Vous avez suscité des attentes élevées, en terme statistique, compte-tenu de votre parcours. Mais, à bien regarder, vous n’avez jamais été un scoreur…
Merci (rires) Si on regarde ma carrière, mon apport statistique cette saison est plus ou moins celui que j’ai eu toute ma carrière, avec 10-11 points, 6-7 rebonds, 2 contres, 2 passes. Je joue pour l’équipe. Si vous attendiez à cause de ma carrière que j’allais scorer 20 points à chaque match, ce n’est pas ce que je suis. Je pourrais scorer plus en forçant, mais je ne pense pas que ce soit la meilleure façon de jouer au basket. Je préfère jouer en équipe, faire bouger le ballon, partager le ballon. Et partager les succès.


Quel regard portez-vous sur la Jeep® ÉLITE ?
C’est une ligue très intéressante. D’abord parce qu’elle est très, très équilibrée. Si vous gagnez deux matches de suite, vous pouvez passer de la 12e à la 3e place. C’est ce qui la rend très intéressante et compétitive. Chaque match compte. Beaucoup de joueurs ont un très bon talent individuel, et sont capables de scorer 20 points. Il y a un style uptempo. Cette ligue ne ressemble à aucune de celles que j’ai connues (Espagne, Israël, Italie, Russie et enfin Turquie en 2017-18).


En parlant de bonne série, votre équipe a gagné trois de ses quatre derniers matches et est remontée à la 7e place. Le MSB est-il plus compétitif depuis l’arrivée de Kendrick Ray ?
Oui, il a montré de bonnes choses, mais chacun doit apporter sa pierre à l’édifice pour rendre l’équipe la meilleure possible. On est focalisé sur la qualification en playoffs et on veut continuer à progresser.
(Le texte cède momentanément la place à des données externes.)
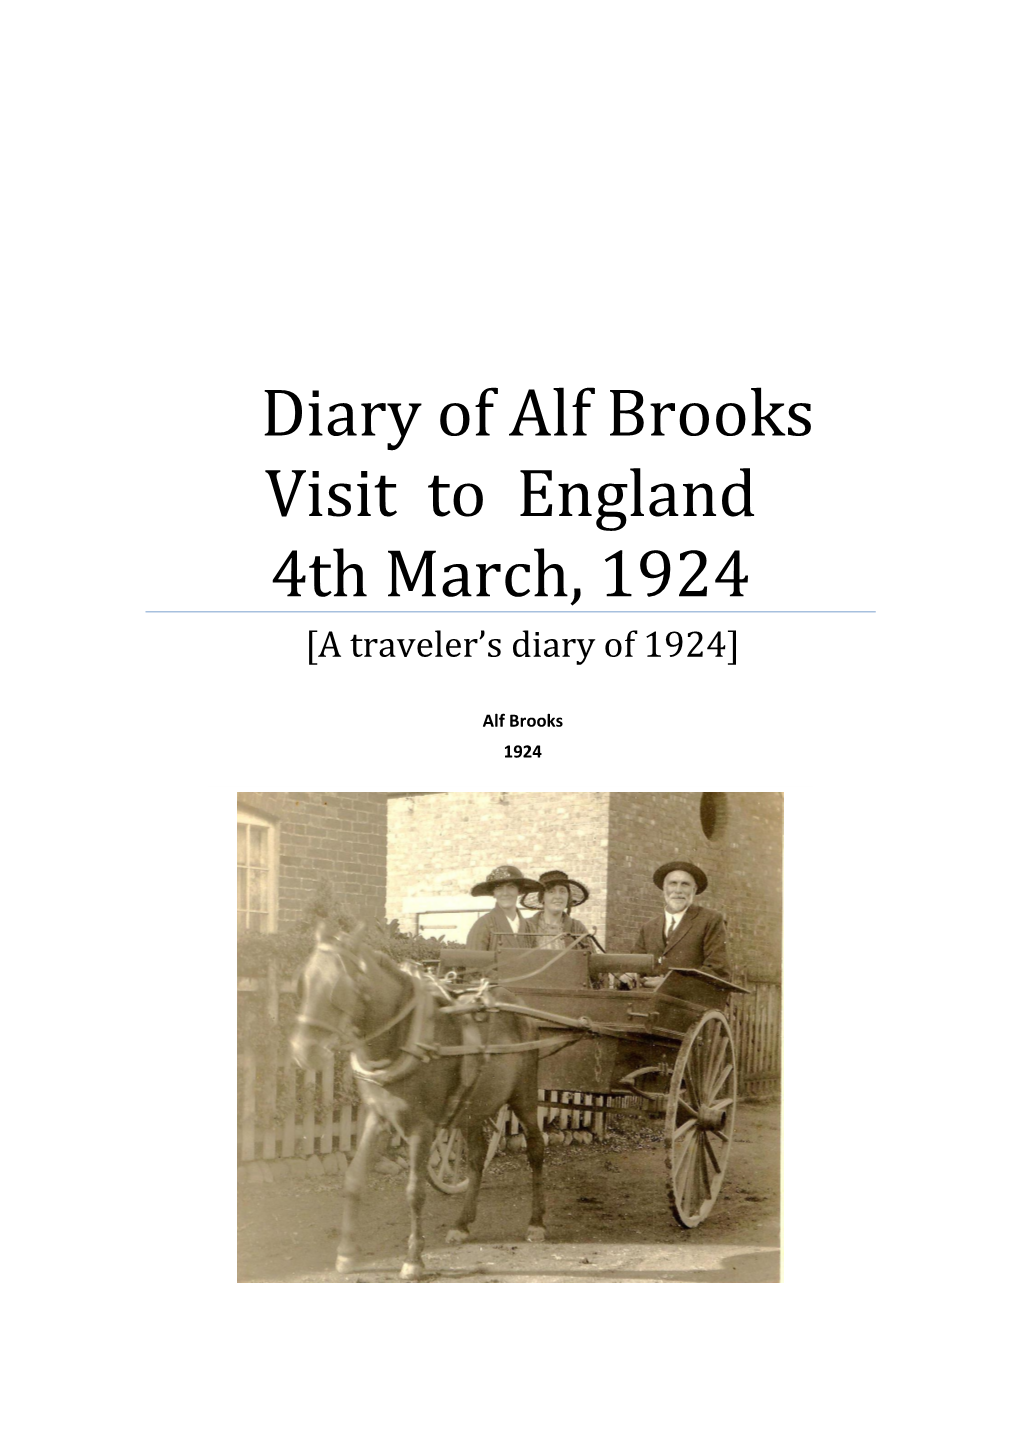 Diary of Alf Brooks of Kangaroo Valley Visit to England 4Th March, 1924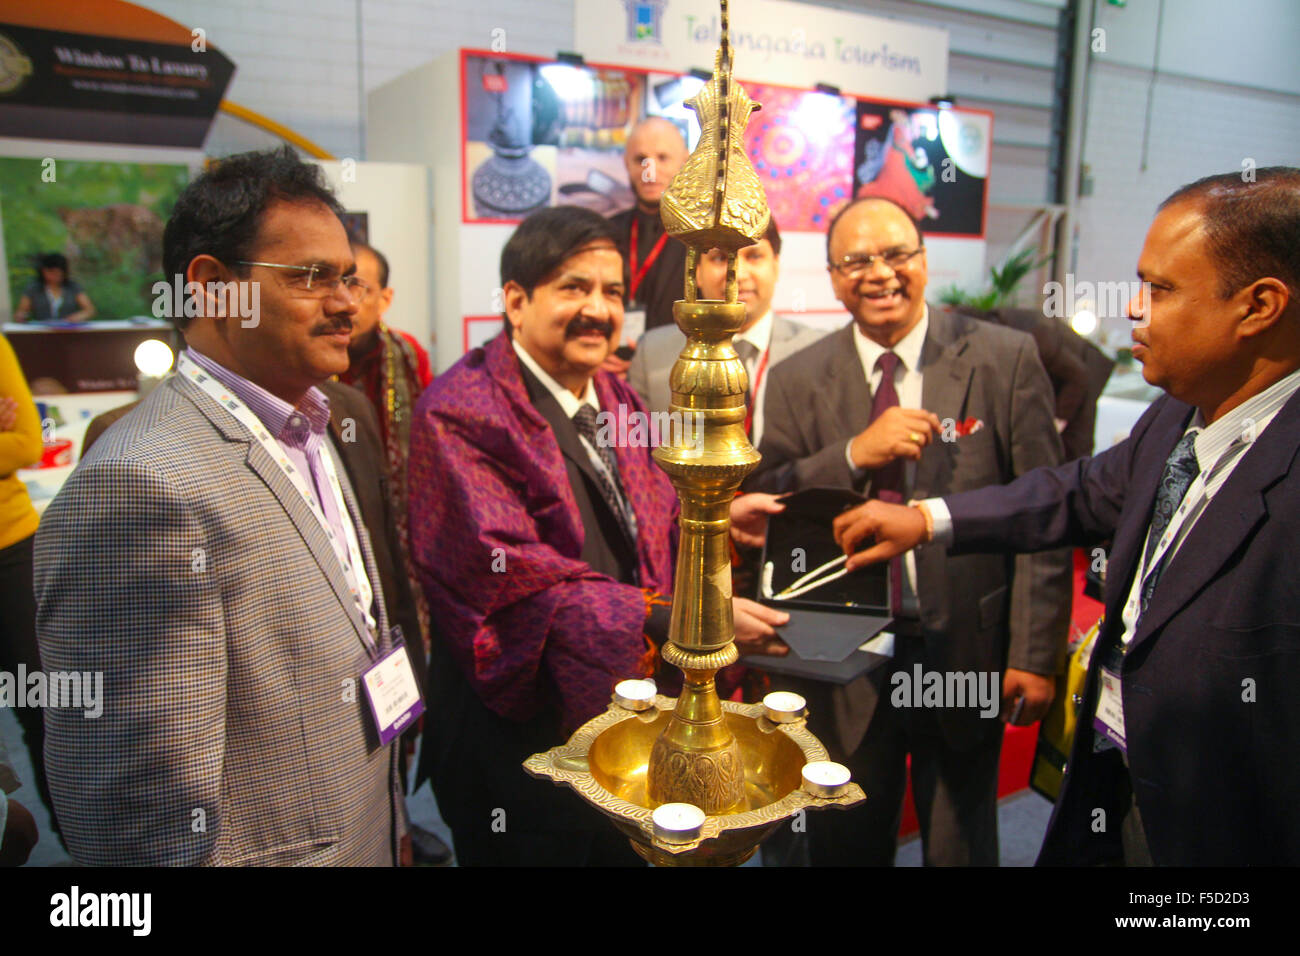 London, UK 2 November 2015. India Travel Secretary poses for photos after a candle lighting ceremony to open the Tourism stand at World Travel Market 2015. Credit:  david mbiyu/Alamy Live News Stock Photo

Comment avez-vous réagi à votre élimination en BCL mercredi. La Virtus Bologne était-elle juste trop forte pour vous ?
Je suis très déçu de cette élimination. Parce que dans ce format et après avoir fait match nul au Mans, on devait aborder ce match retour comme une finale et on a perdu de plus de 20 points. Donc je suis déçu, mais c’est derrière nous. On va se focaliser sur la Coupe de France (quart de finale ce week-end contre Dijon) et sur la Jeep® ÉLITE.